SUPPLIED DATA
================

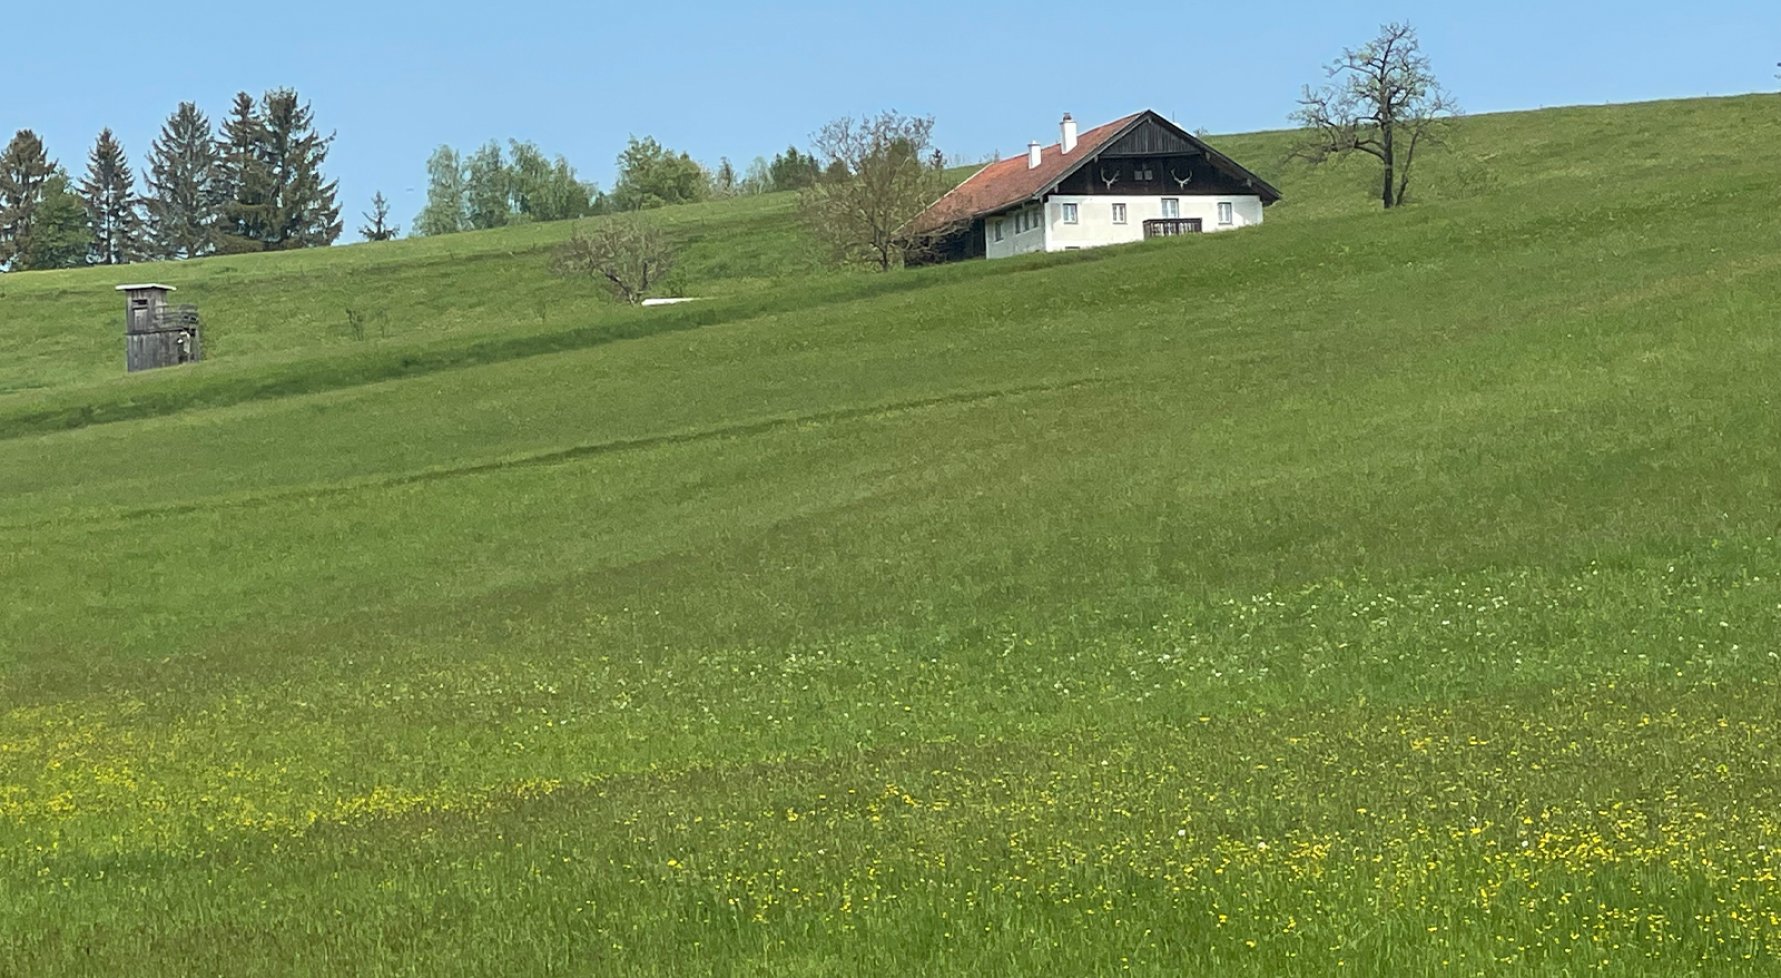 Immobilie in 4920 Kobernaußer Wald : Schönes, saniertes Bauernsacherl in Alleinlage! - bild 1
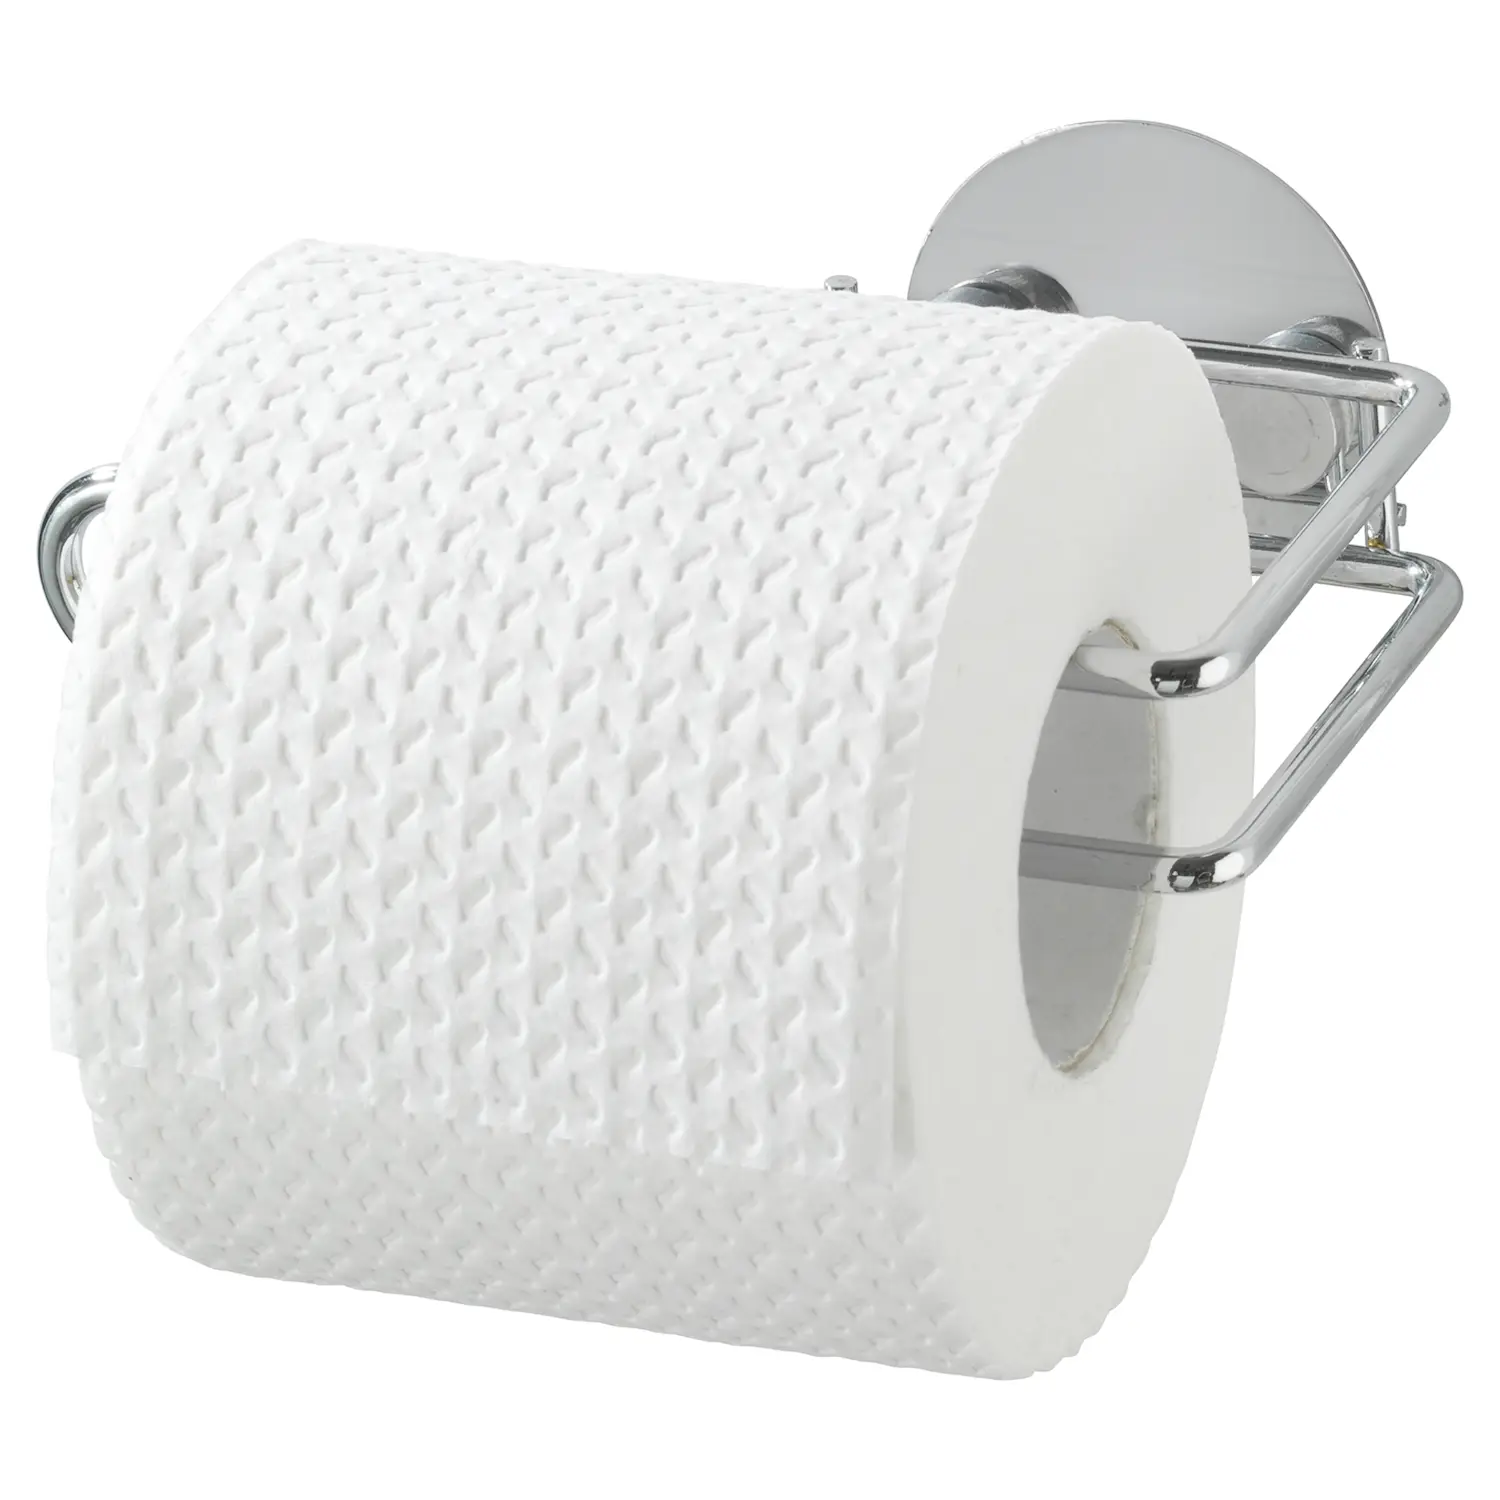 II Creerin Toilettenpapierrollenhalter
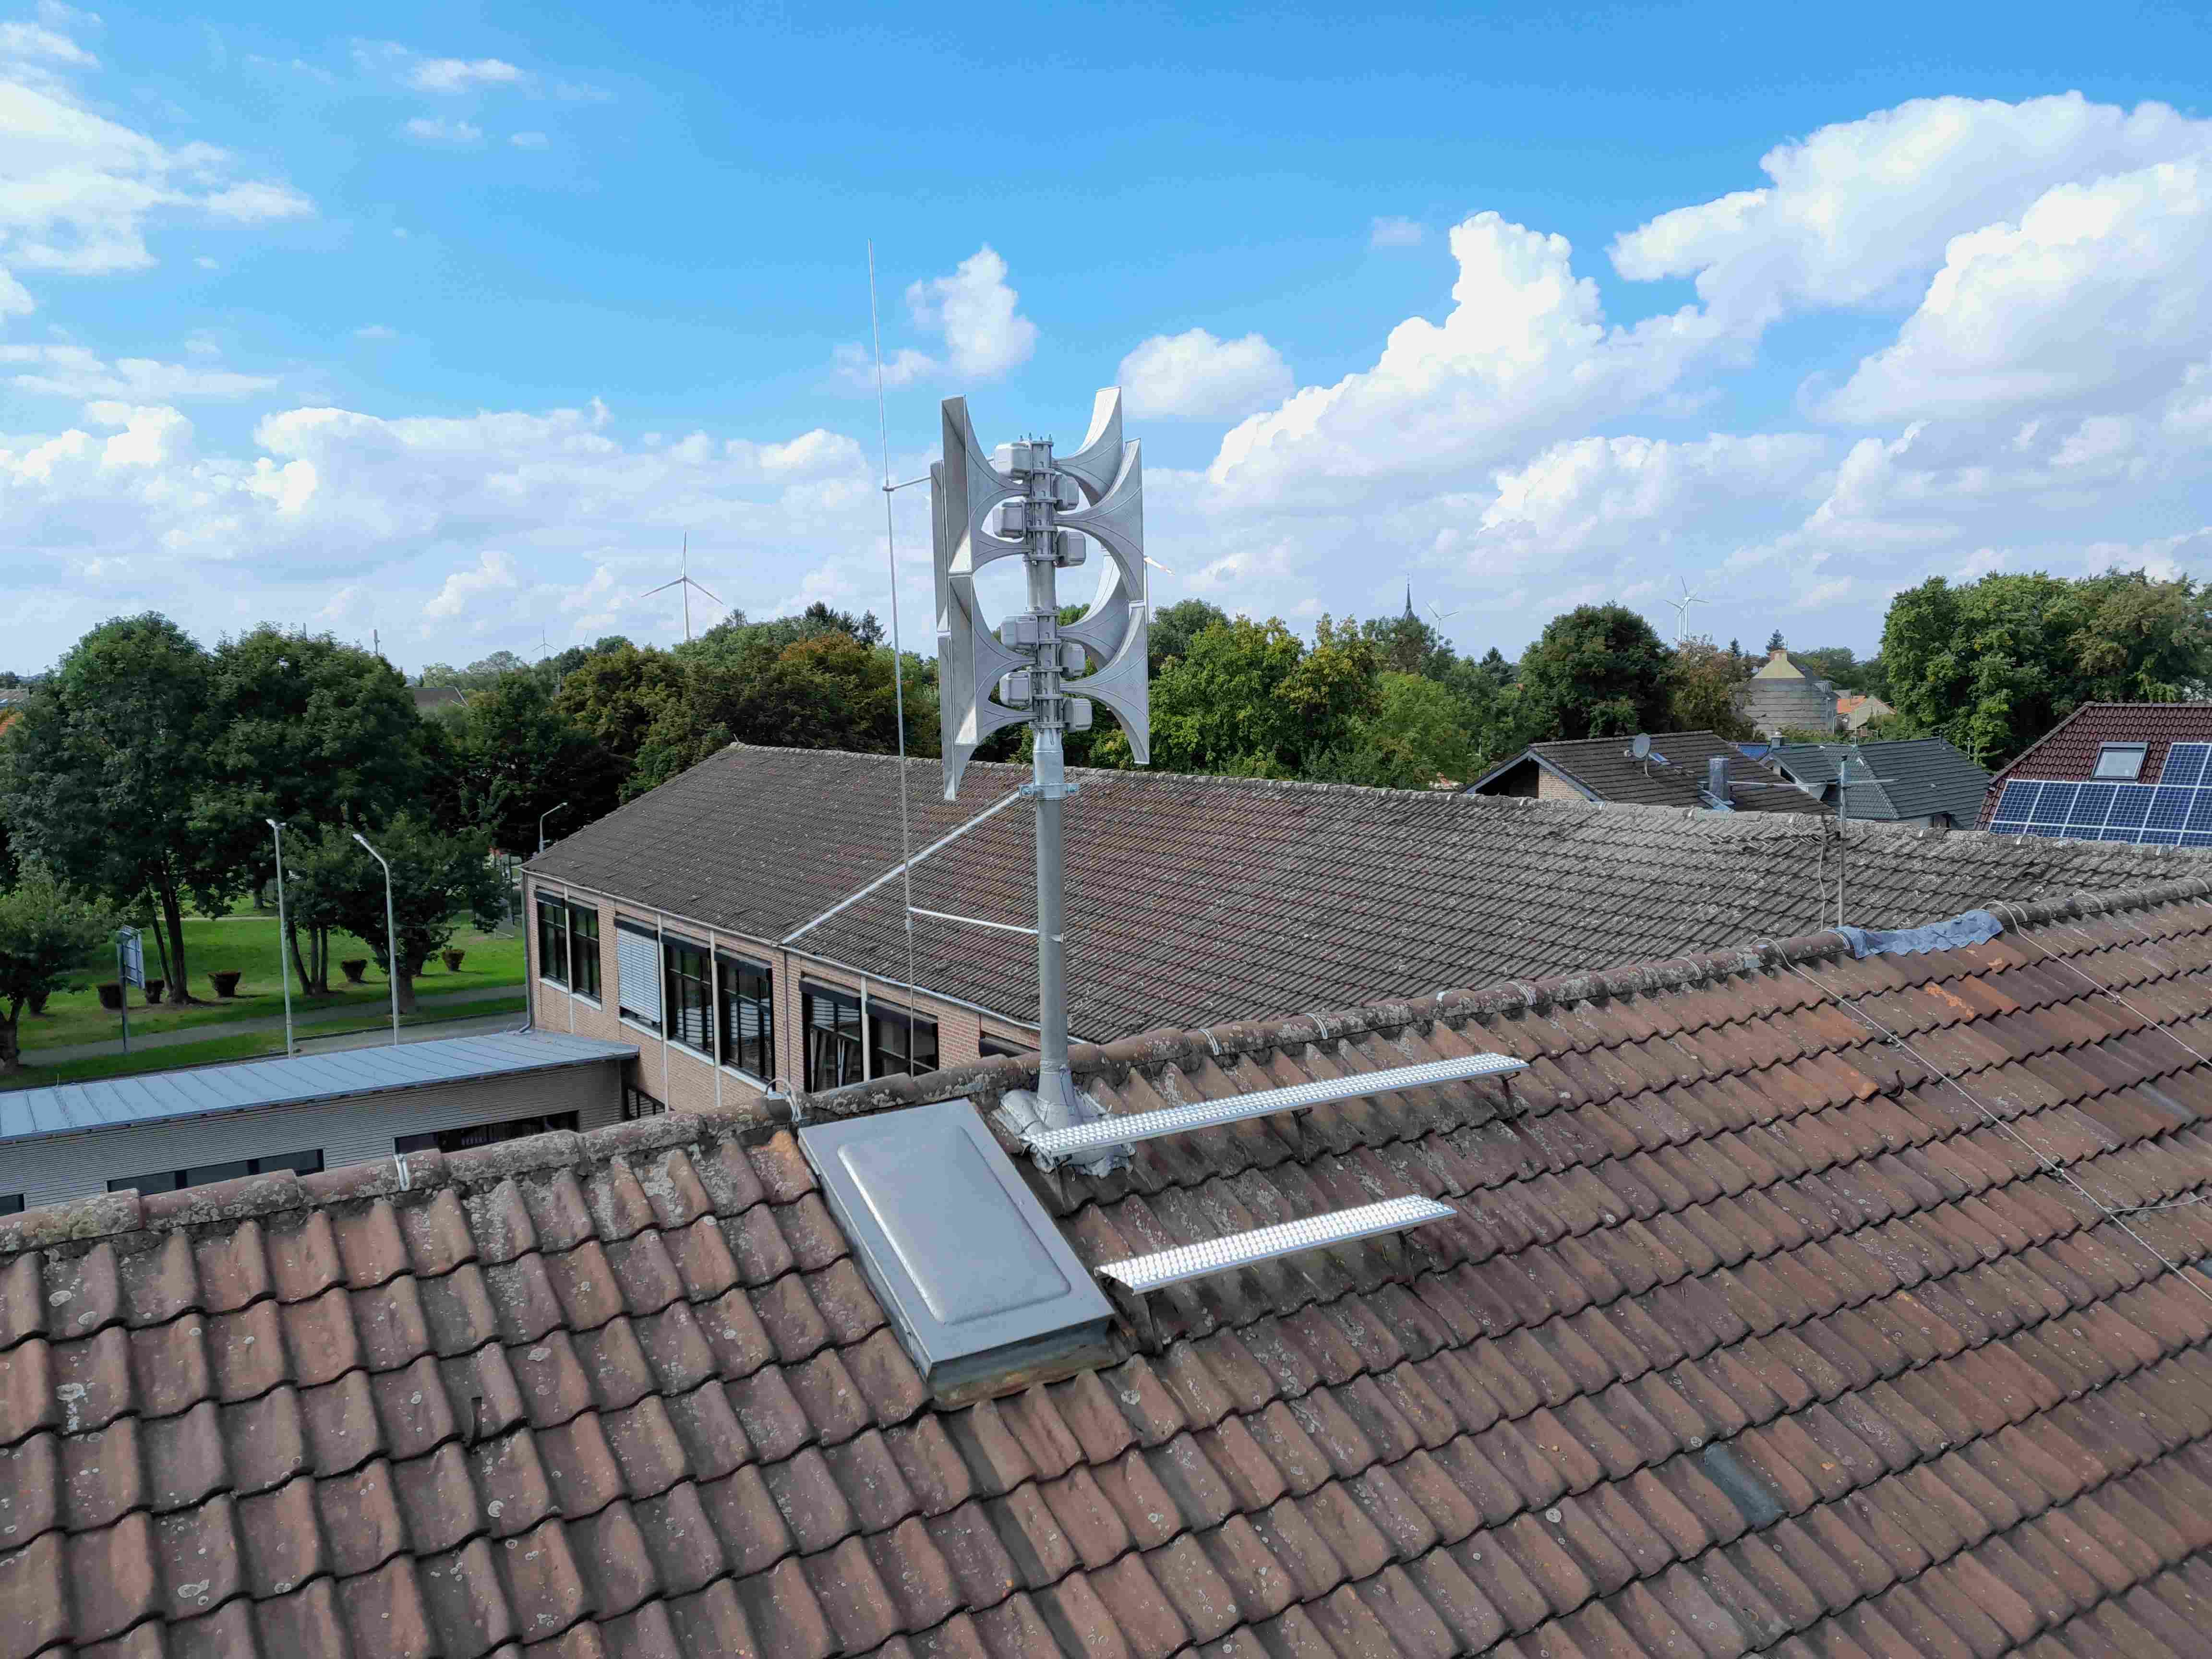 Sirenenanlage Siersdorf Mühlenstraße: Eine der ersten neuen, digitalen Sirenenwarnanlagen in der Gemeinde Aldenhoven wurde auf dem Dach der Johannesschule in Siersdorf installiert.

================

TASK DETAILS
From the first line to the last, retype the data above exactly, but not its images.

SOLUTION TO THIS TASK
 Immobilie in 4920 Kobernaußer Wald : Schönes, saniertes Bauernsacherl in Alleinlage! - bild 1
 II Creerin Toilettenpapierrollenhalter
 Sirenenanlage Siersdorf Mühlenstraße: Eine der ersten neuen, digitalen Sirenenwarnanlagen in der Gemeinde Aldenhoven wurde auf dem Dach der Johannesschule in Siersdorf installiert.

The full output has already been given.